Here is a file from TUG002.ZIP which can be had at chyde.  The other files 
mentioned in this document (the source code) are there as well as many 
other useful files.  It describes what I find to be a clever search
algorithm (it would only be worth it to use this for searching many 
characters):

TUG PDS CERT 1.01 (Documentation)

==========================================================================

                  TUG PUBLIC DOMAIN SOFTWARE CERTIFICATION

The Turbo User Group (TUG) is recognized by Borland International as the
official support organization for Turbo languages.  This file has been
verified by the TUG library staff.  We are reasonably certain that the
information contained in this file is public domain material, but
it is also subject to any restrictions applied by its author.

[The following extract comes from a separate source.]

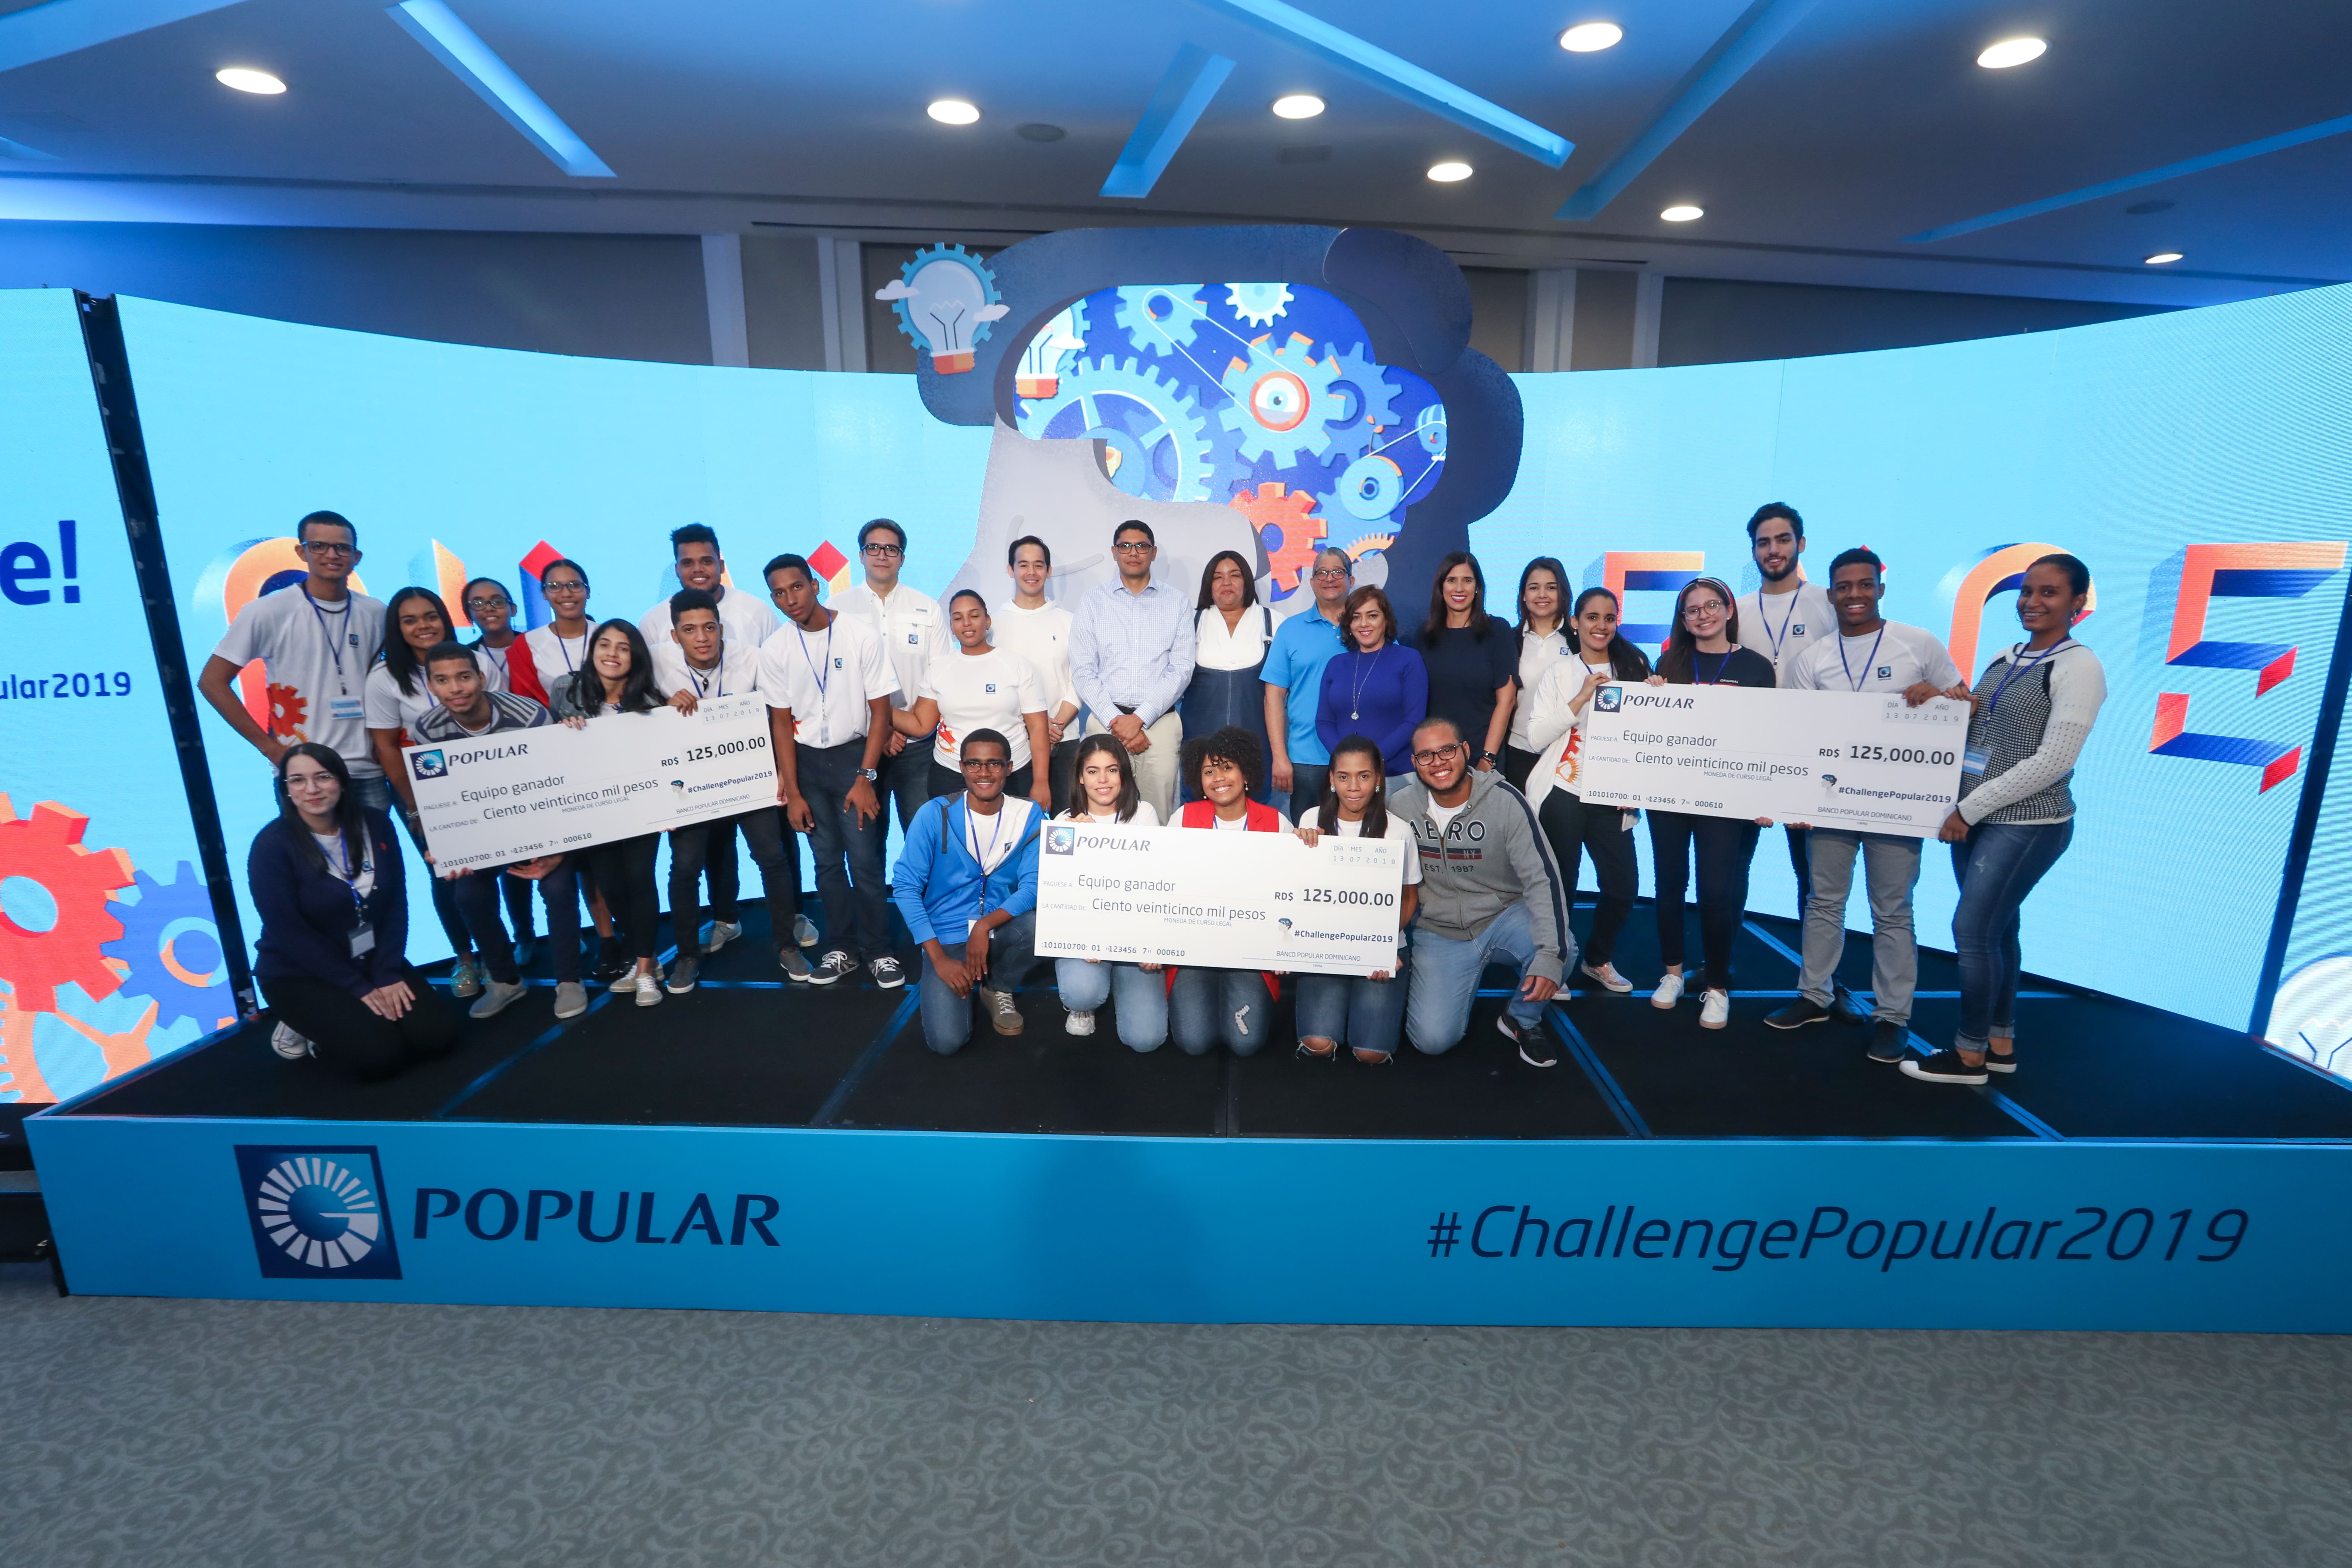 Maratón de emprendimiento del Popular premia la cooperación y creatividad de los jóvenes
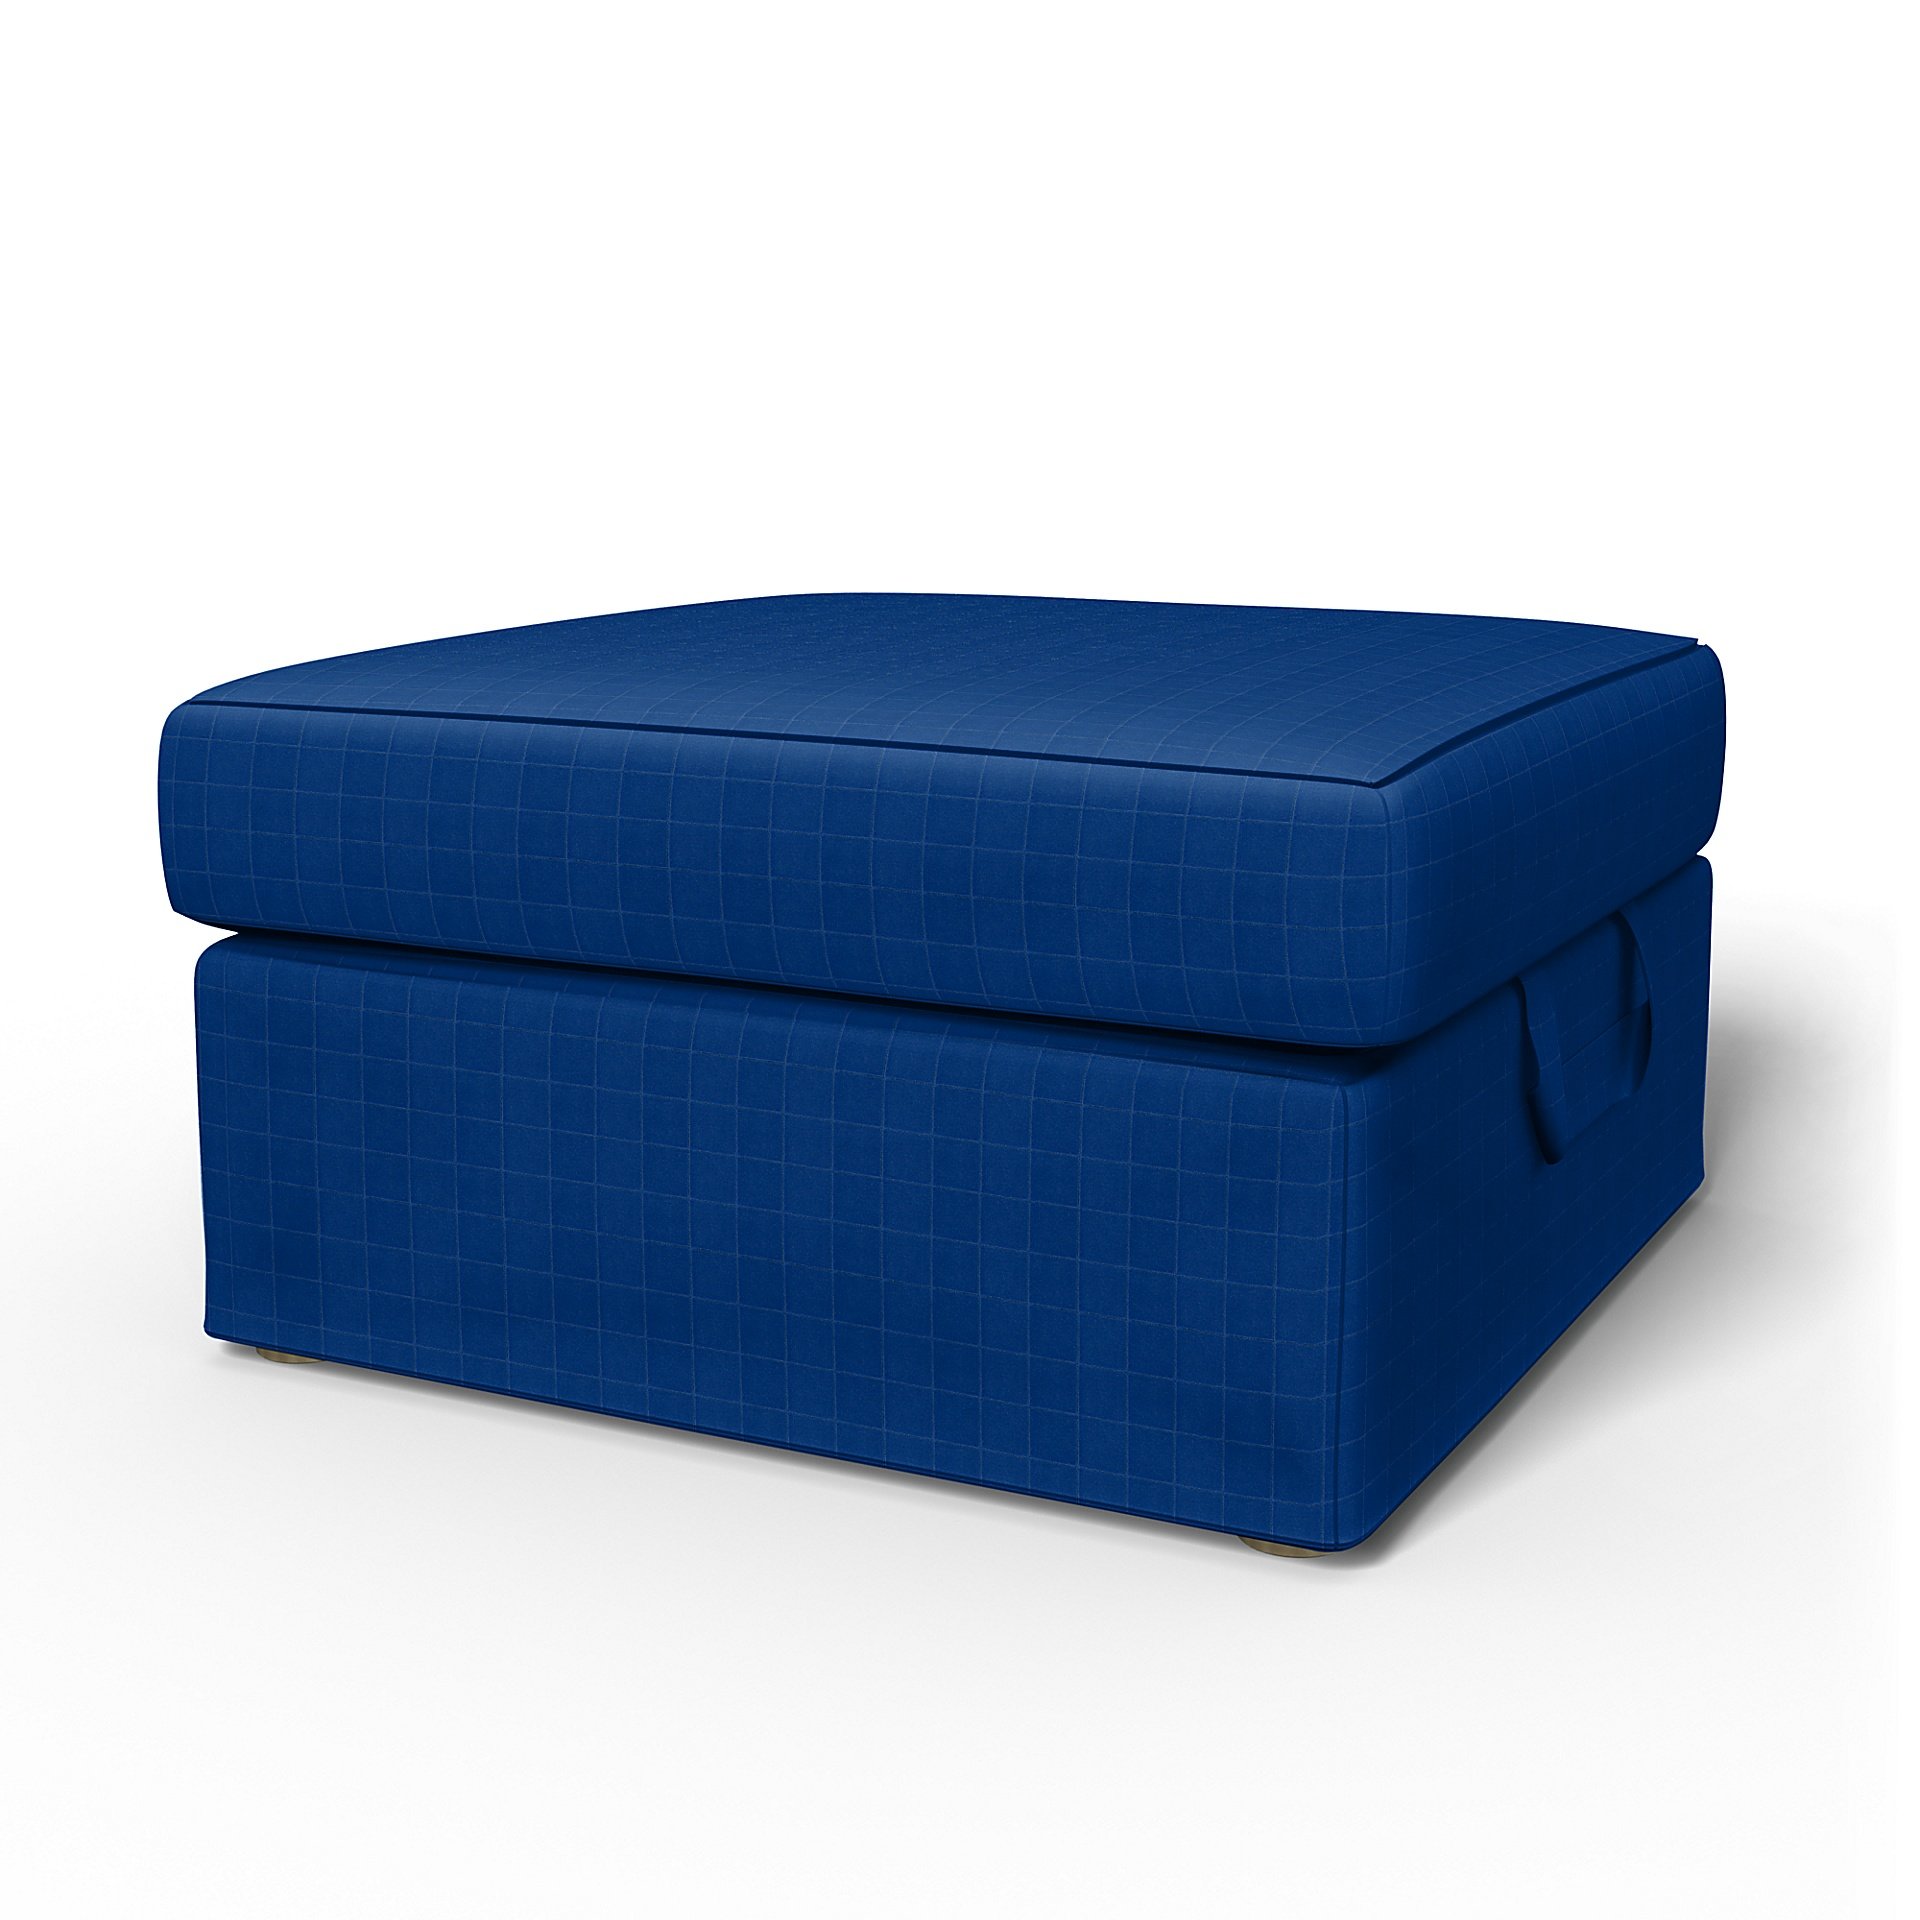 IKEA - Tomelilla Foto Footstool Cover, Lapis Blue, Velvet - Bemz

This diskette contains information determined to be in the PUBLIC
DOMAIN, provided as a service of TUG for the use of its members.  The
Turbo User Group will not be liable for any damages, including any lost
profits, lost savings or other incidental or consequential damages arising
out of the use of or inability to use the contents, even if TUG has been
advised of the possibility of such damages, or for any claim by any
other party.

To the best of our knowledge, the information in this file is accurate.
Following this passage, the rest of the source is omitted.